ABOUT THIS EXERCISE:
Reproduce the listing below exactly, minus its pictures.

*** Opening SUPPLIED DATA ***

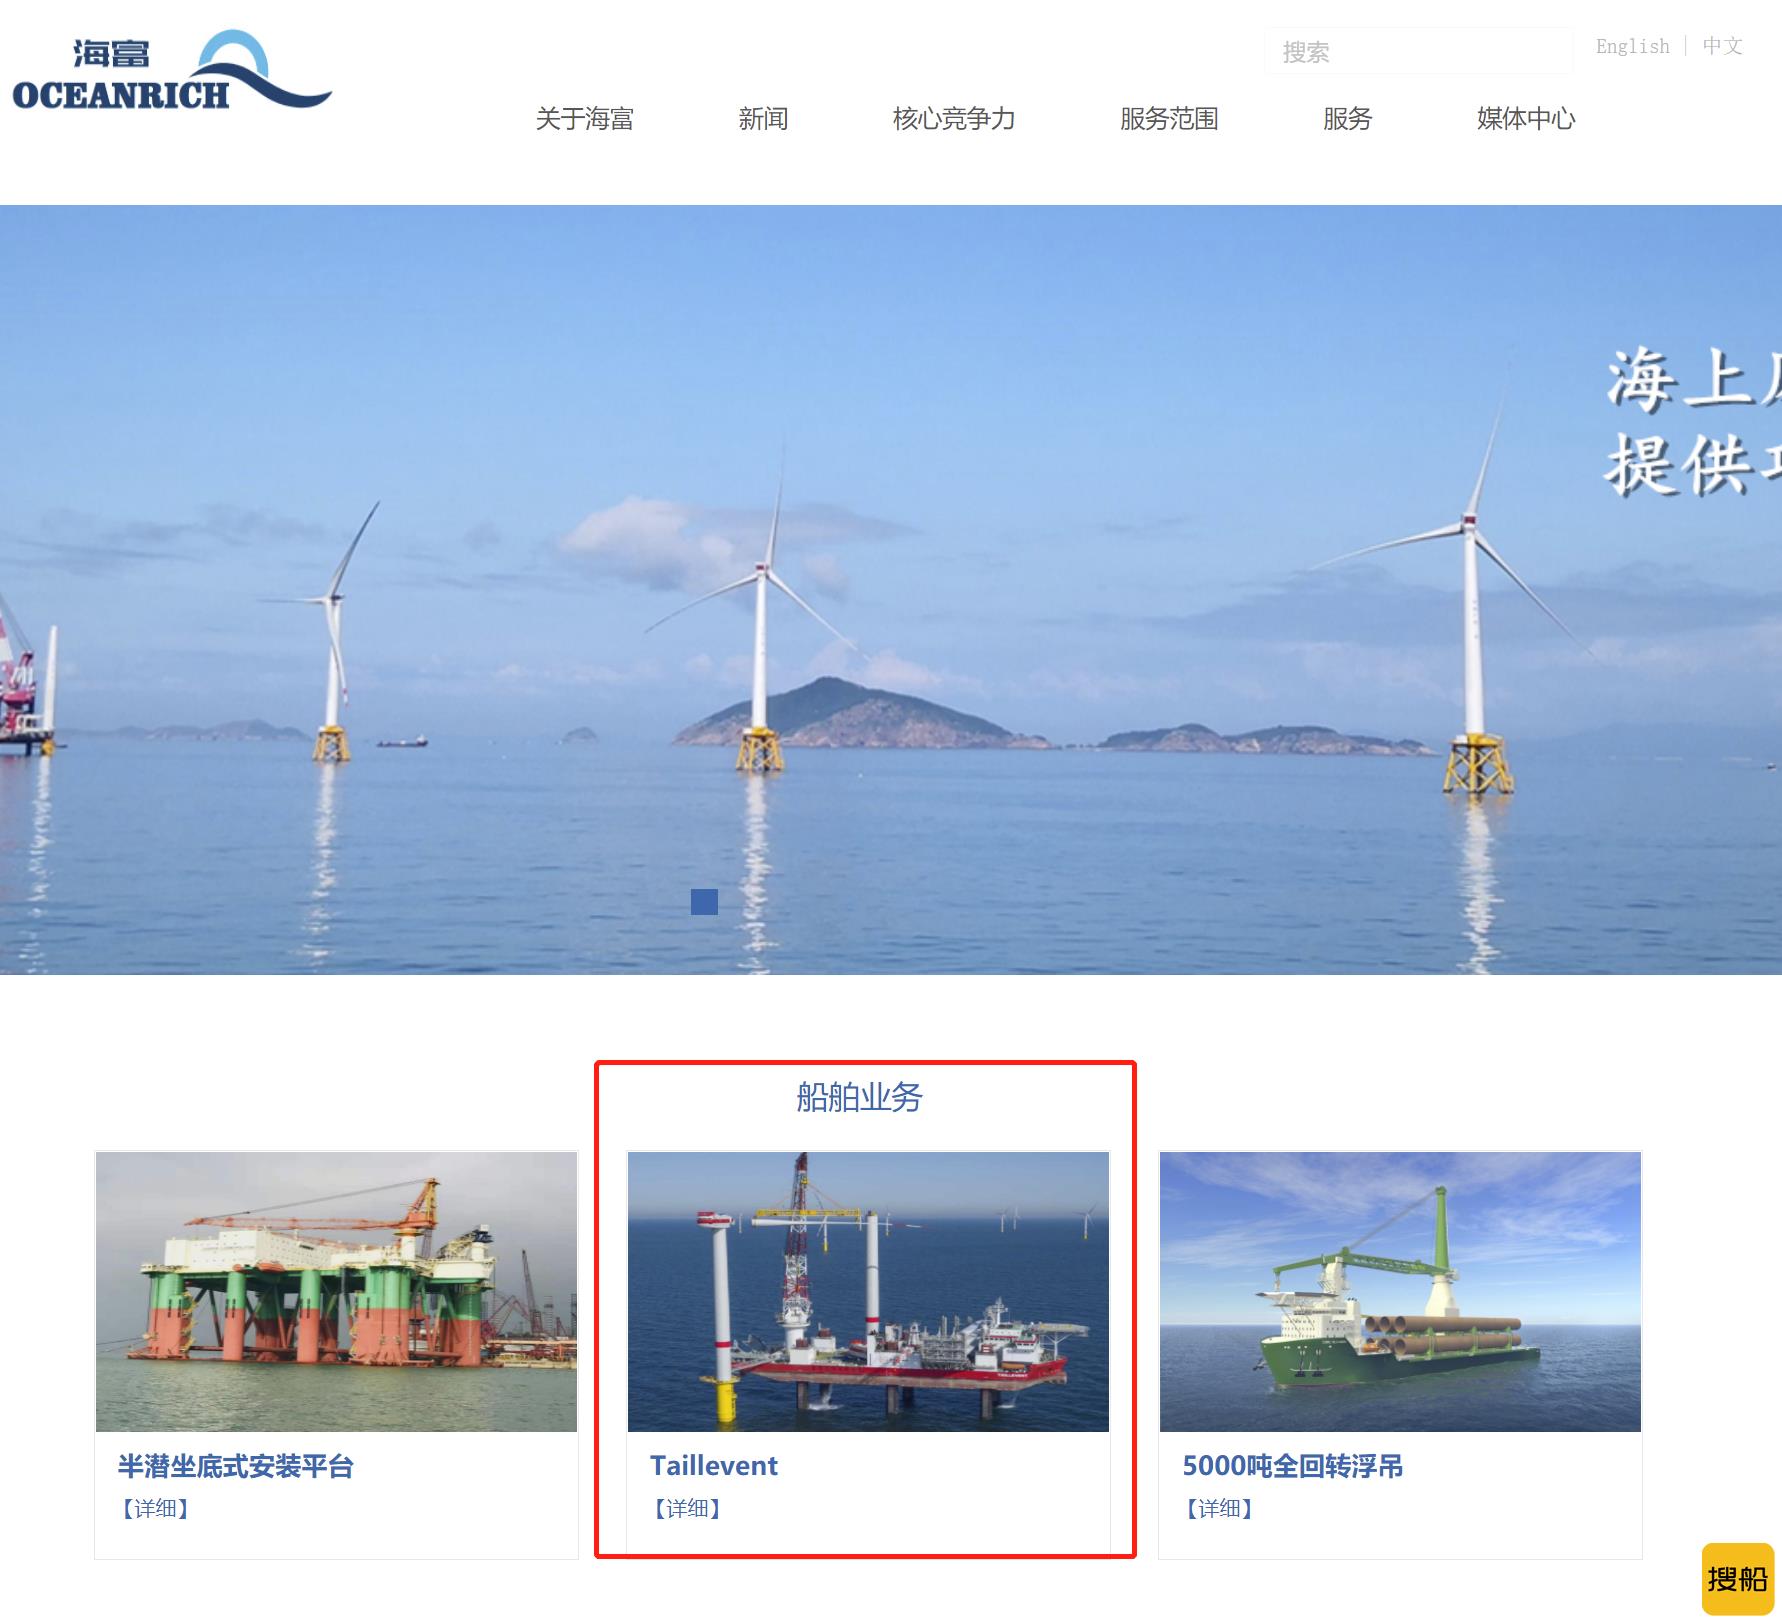 海富实业收购一艘自升式风电安装船
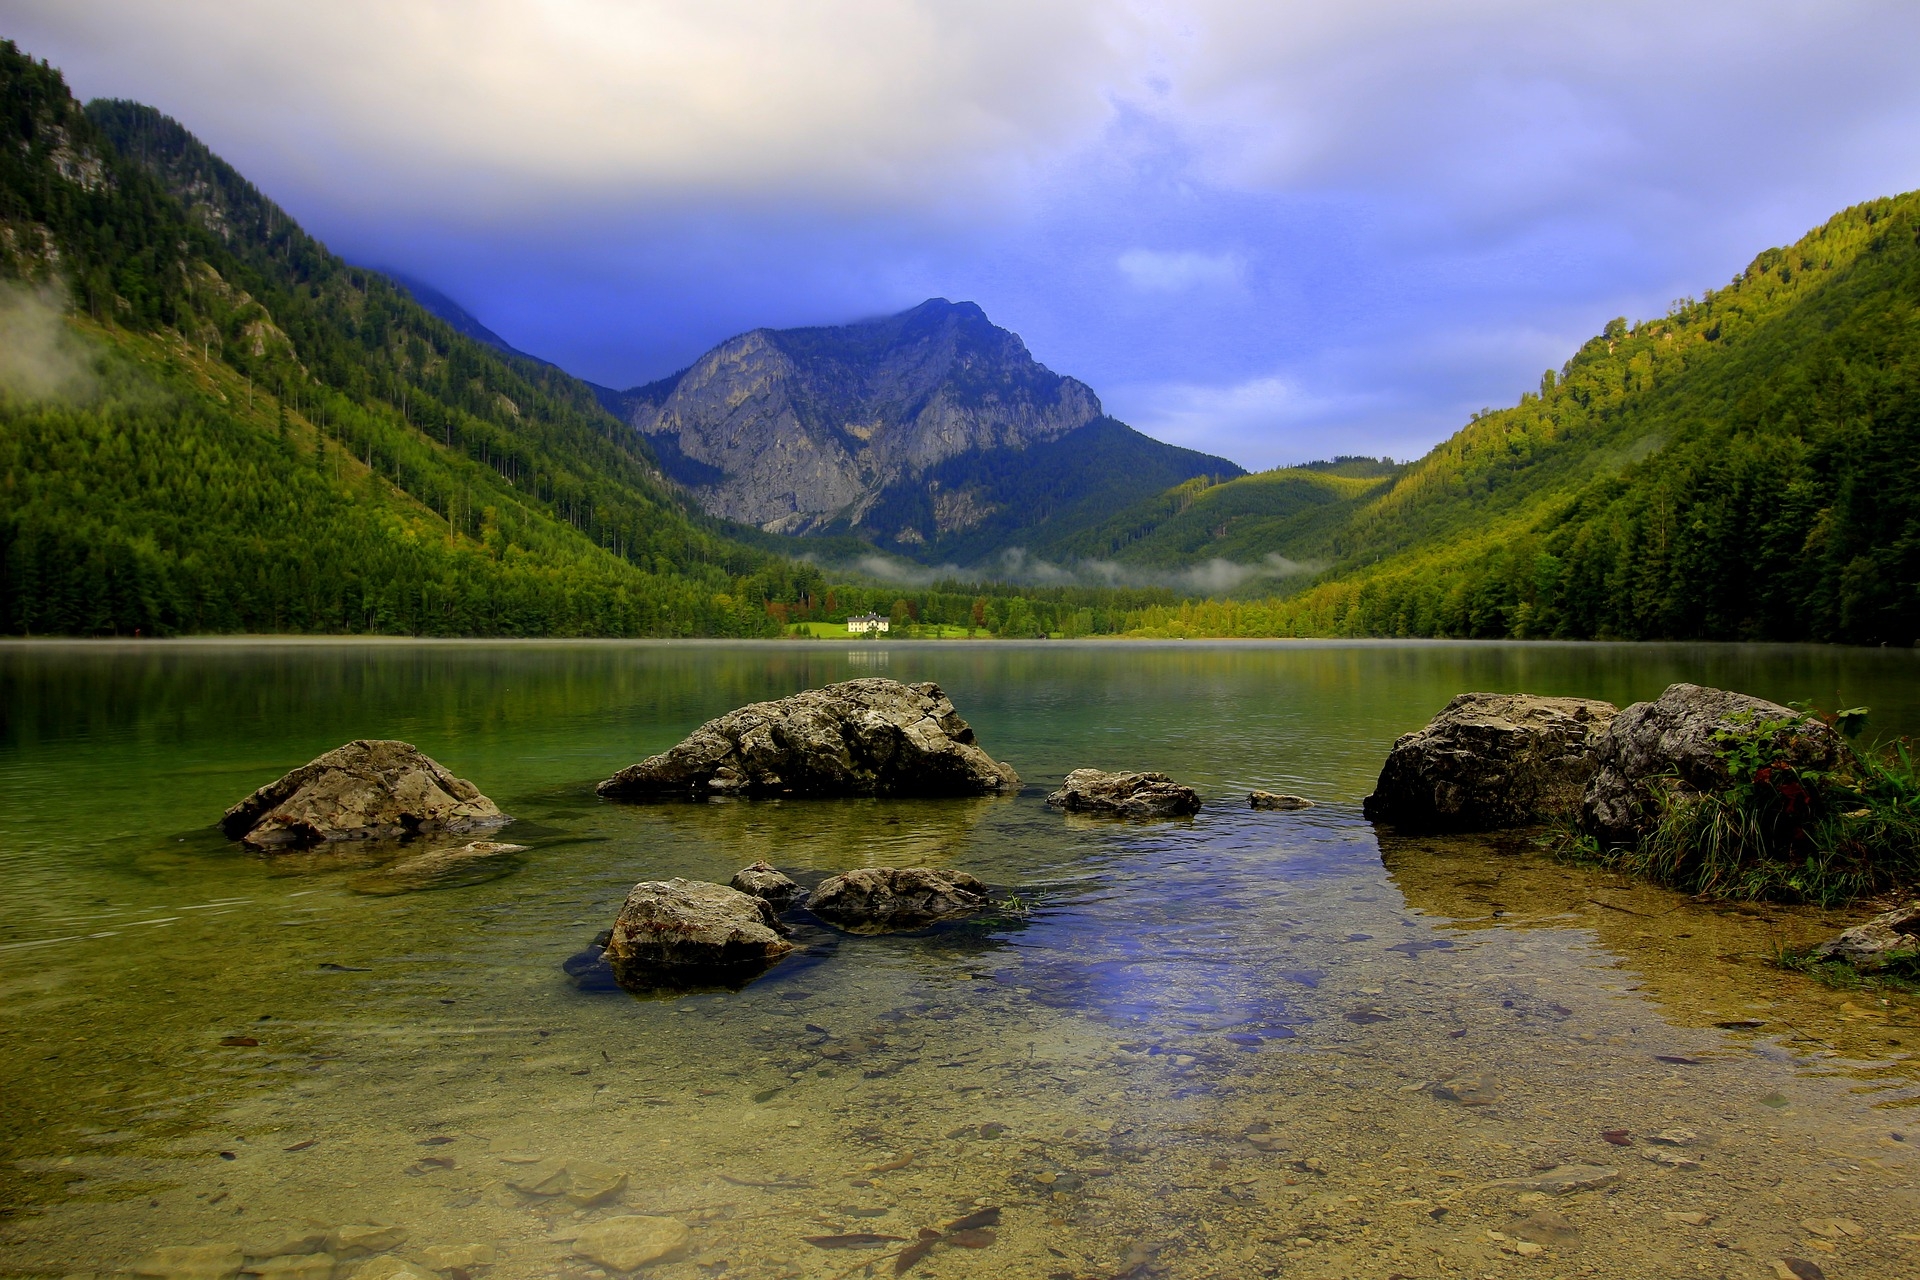 https://pixabay.com/en/mountains-water-lake-2721122/
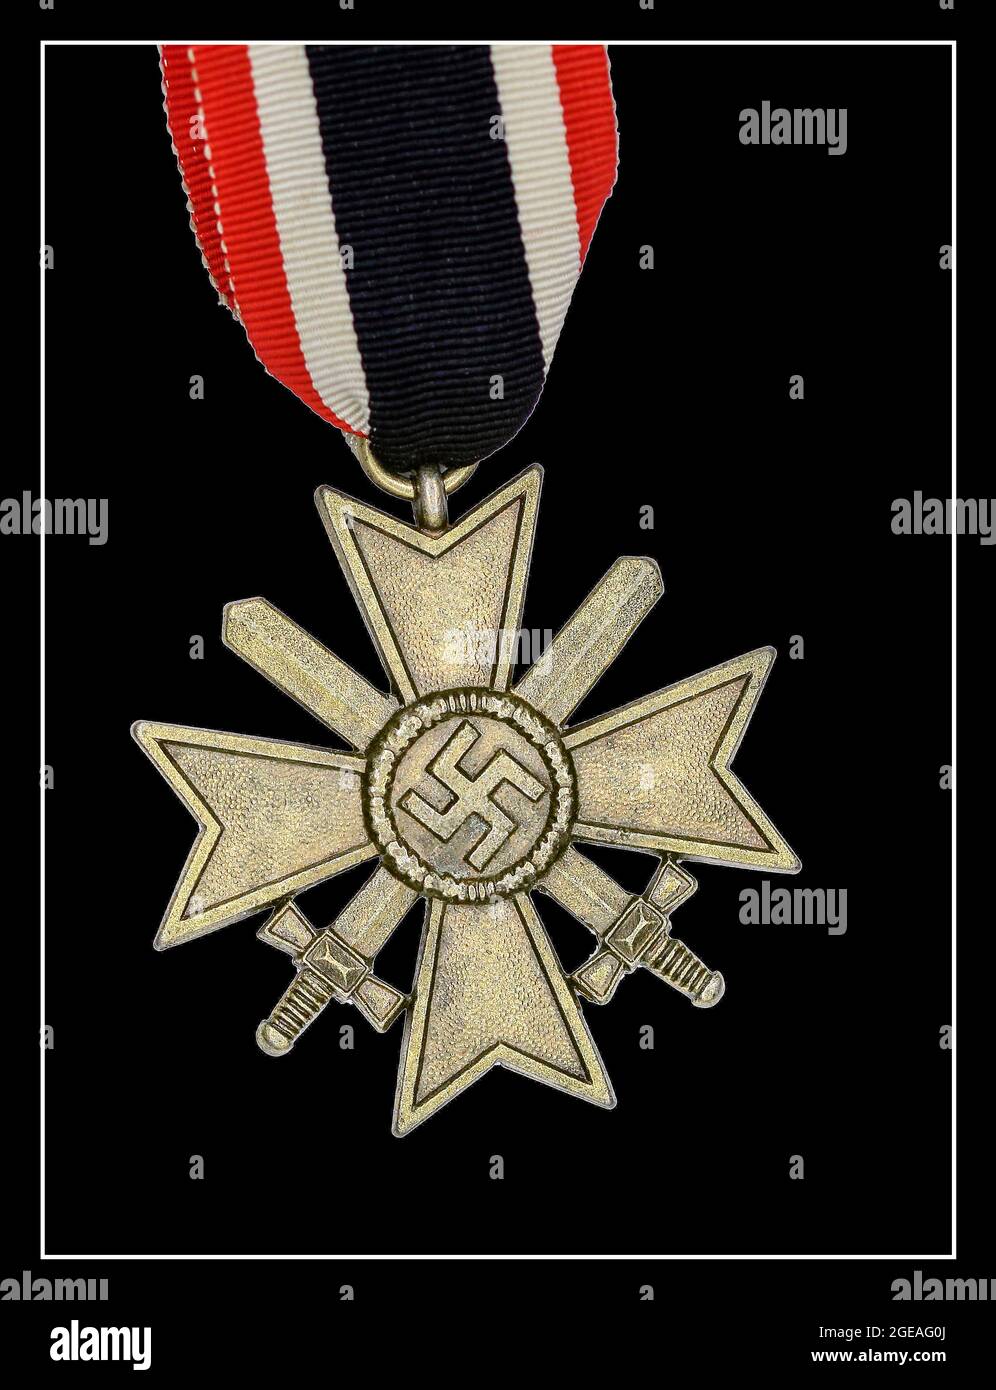 MEDAGLIA DELLA GERMANIA NAZISTA : Croce di merito della guerra (1939) con spade incrociate. Fu una decorazione della Germania nazista durante la seconda guerra mondiale, che poteva essere assegnata sia al personale militare che ai civili. Foto Stock

*** Closing SUPPLIED DATA ***

RESPONSE AREA:
 海富实业收购一艘自升式风电安装船
 https://pixabay.com/en/mountains-water-lake-2721122/
 MEDAGLIA DELLA GERMANIA NAZISTA : Croce di merito della guerra (1939) con spade incrociate. Fu una decorazione della Germania nazista durante la seconda guerra mondiale, che poteva essere assegnata sia al personale militare che ai civili. Foto Stock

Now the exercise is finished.